I have come to think of my relationship with Sami as similar to the relationship between a stream and its bank (in our case, I’m not sure who was the water, and who was the earth). The stream shapes the bank, and the bank guides the stream. One of those elements is gone now. And I’m not sure if I’m water running without direction (it feels that way some days) or a sad stream bank bereft of its life-giving water (which also describes my life at times). I do feel like part of my search for who I am now is paying attention to where my life is flowing. And to what is guiding my direction.


Last week, I participated in a webinar organized by UCSF for caregivers. One of the things I’ve struggled with since Sami’s death is that I can’t call myself a caregiver any more (or at least it seems that way to me). But the webinar speaker, a Canadian woman named Laura Dill (who incredibly lost both parents and an in-law to glioblastoma) suggested that we’re all still caretakers - of our loved ones’ legacies.


Part of Sami’s legacy is the strong, intelligent, funny daughters (young women!) that we raised. In my last blog post, I remarked that I had to do doubletakes during my time with Lara and Emma in Idaho. Their expressions, their mannerisms, their appearance - their senses of humor - all reminded me of Sami. I am proud beyond expression to be their dad; Sami would be (is!) proud of who they are today. Part of my purpose now, then, is to be here for the important milestones in their lives. To the extent I can control how long I get to stick around.


Part of Sami’s legacy is the community where we spent our lives together. She gave so much back - to 4-H, to youth soccer, to the Future Farmers of America program at Placer High School.

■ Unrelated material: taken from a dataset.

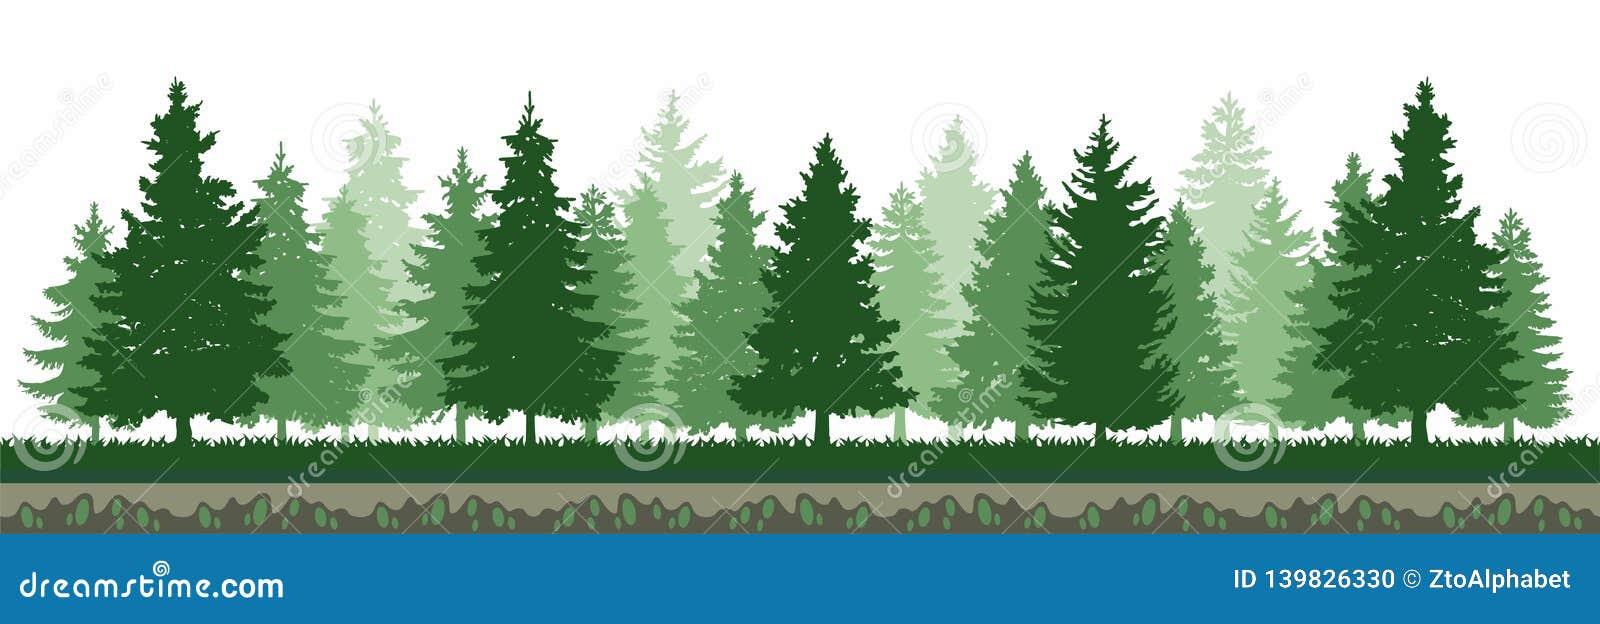 Árbol de pino verde Forest Environment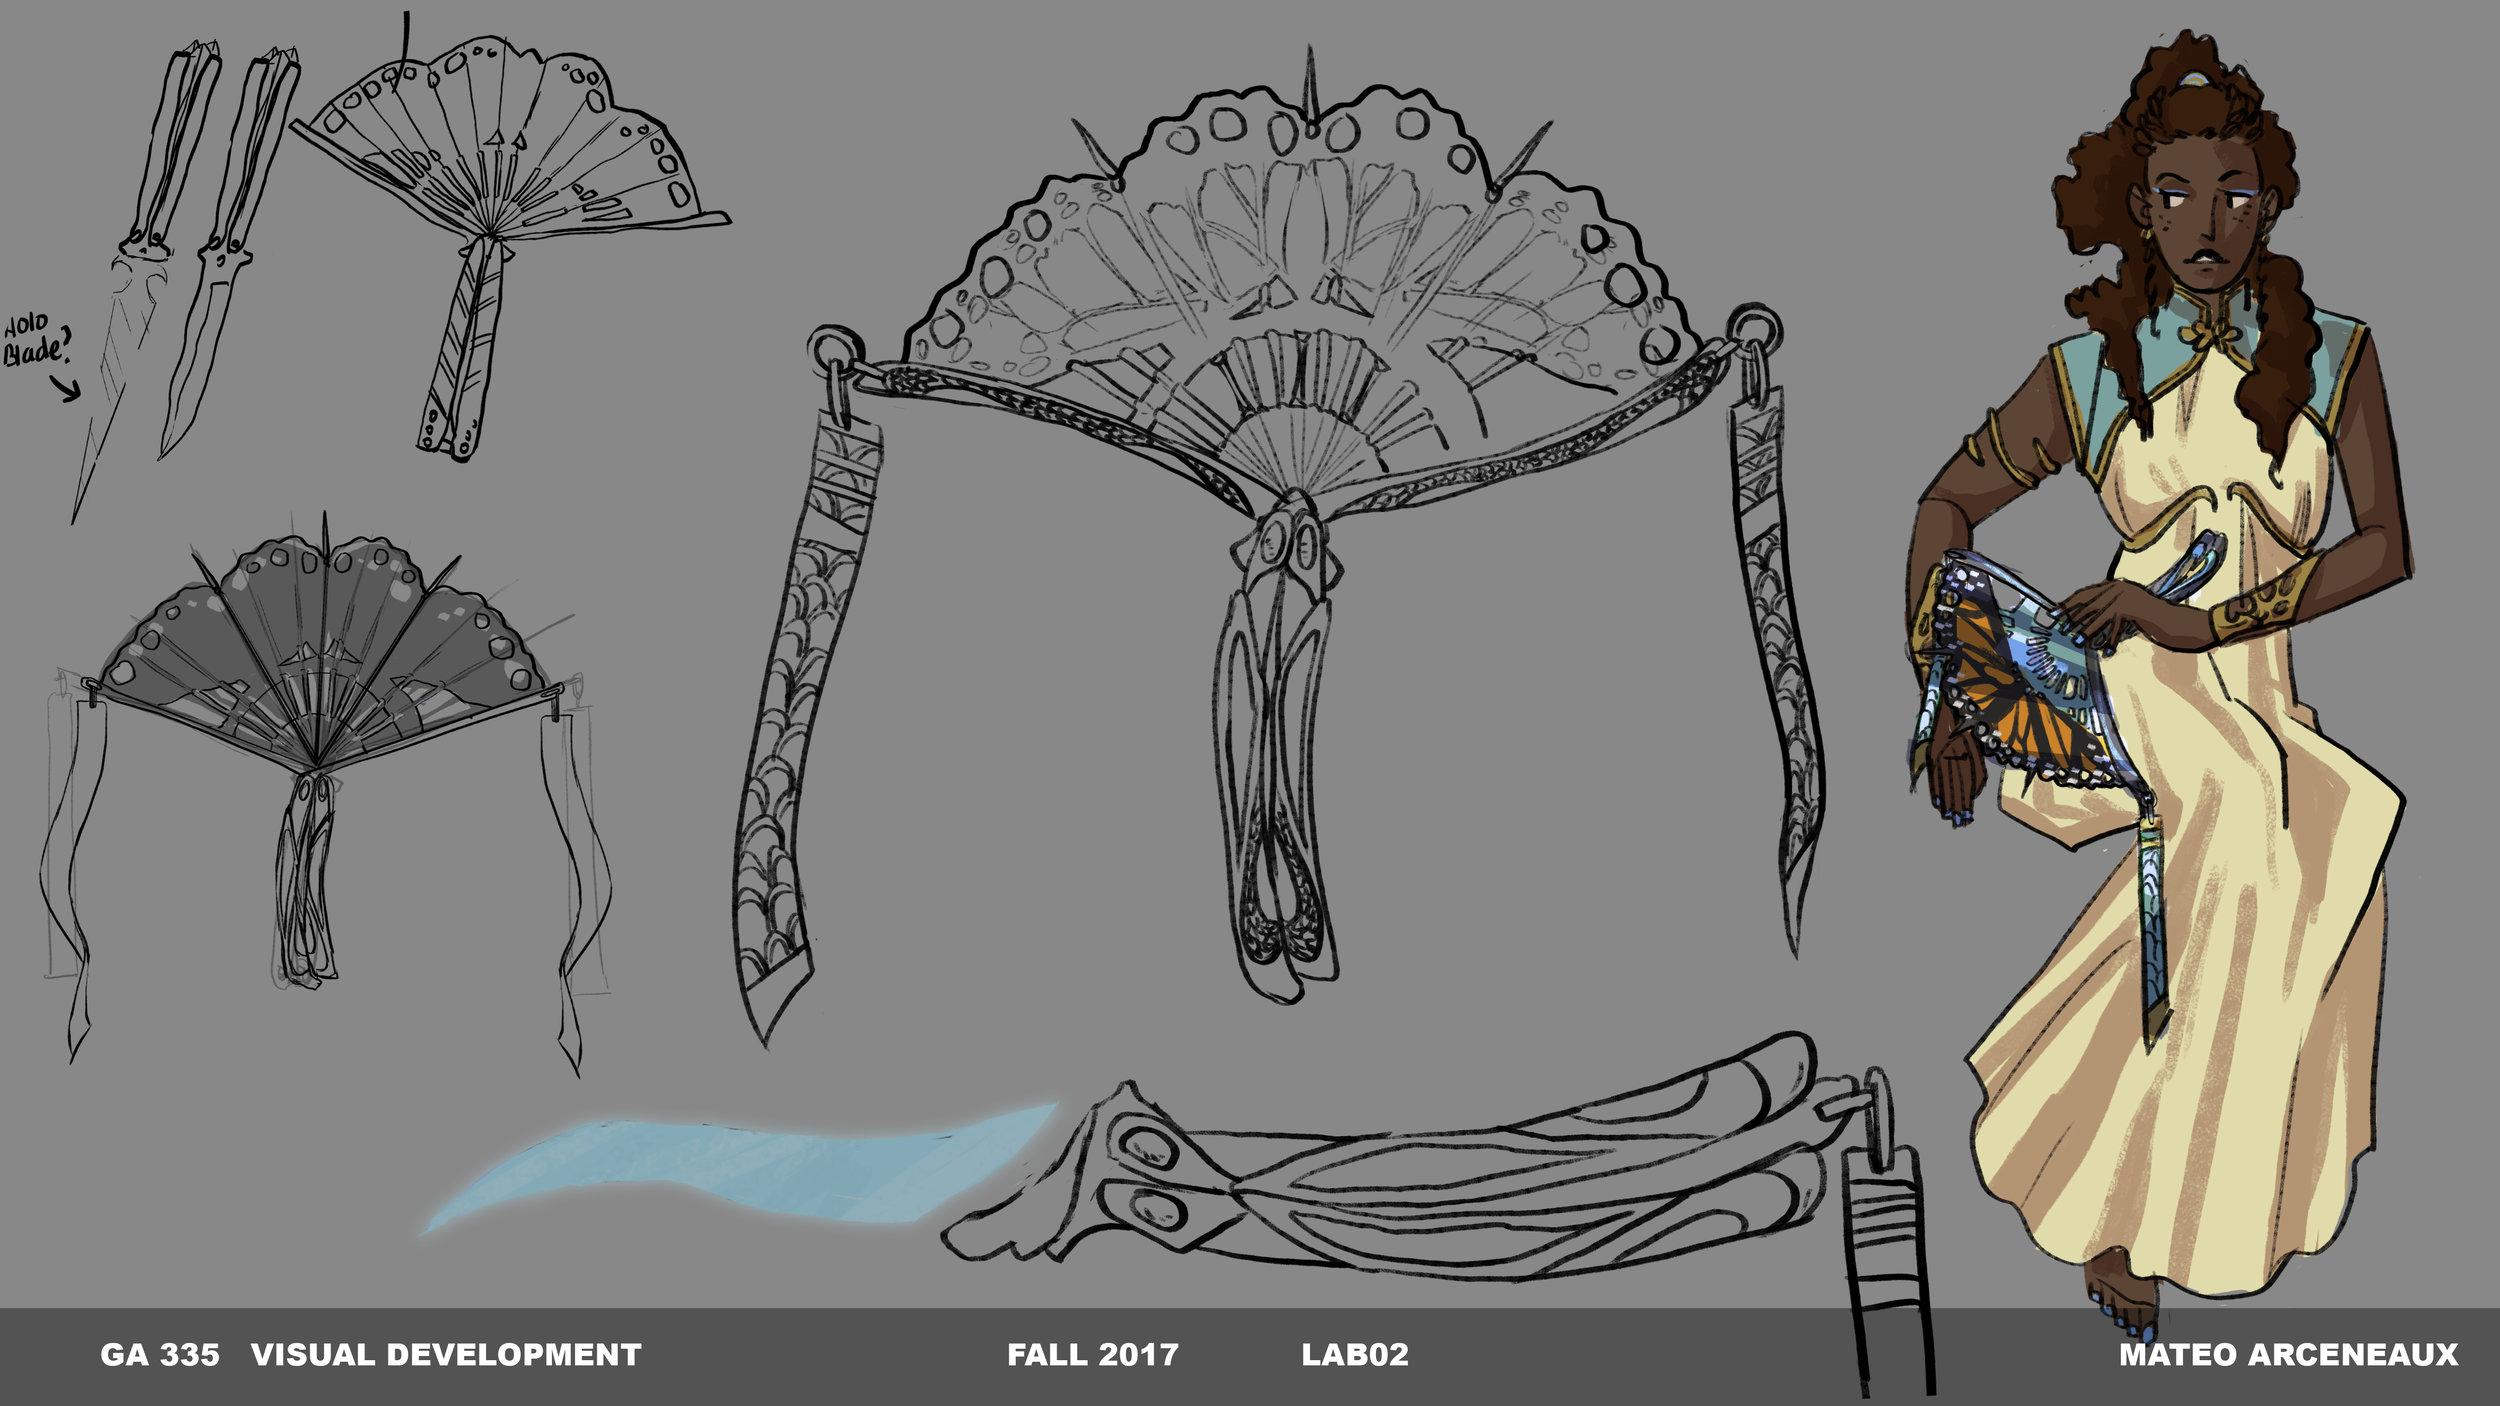 Marcenea_GAME335_LAB02_Sketch2.jpg

To the livestock (and especially the horse) communities. While I’ve moved away from that community, I’ll always be part of it (and it will be part of me). In a small way, the gifts that our friends and family gave to the Placer FFA scholarship program after Sami passed is an opportunity to continue her legacy of community support. I’m looking for ways to build this legacy in perpetuity.


After we began to grasp the full magnitude of Sami’s glioblastoma diagnosis in the spring of 2023, Sami told me that when she died, she hoped her experience (and her remains) would help doctors understand more about the disease. While we’d hoped to make a direct contribution to glioblastoma research, we were only able to provide Sami’s remains to the general donation program supporting the UCSF medical school. I feel like part of caring for Sami’s legacy will involve supporting direct research into the treatment of this horrible cancer. I’m not sure what that looks like yet.


And finally, I think part of Sami’s legacy is the grief I’ve experienced since her diagnosis - and especially since her passing. Shortly after Sami’s first craniotomy, she asked me to write a blog post about what was happening. Looking back, this felt like Sami was acknowledging my role in our relationship - the role of communicator. She trusted me to share what our family was experiencing with our community. At the time, I felt like she complimented my writing ability.


I don’t know that I’ve been particularly eloquent, but I do think that I’ve been given the gift of vulnerability. In my writing, I’ve tried to be open and honest about my grief. Selfishly, my writing has allowed me to get some of these emotions “out” - out into the world, out of my system. I hope that my openness about our experience has helped others cope with their own grief in some small way. I’ve long thought about writing a book, but have always held back because I didn’t feel like I’d experienced enough adversity. Now that I have the experience, I struggle with how to write a happy (or at least a positive ending). We’ll see….


In the meantime, I’m grateful my self-identity still includes “dad,” “brother,” and “son.” I’m also grateful that my identity is still “Sami’s husband.” Perhaps our legacy together is that we were a stream and streambank - we shaped each other; we guided each other.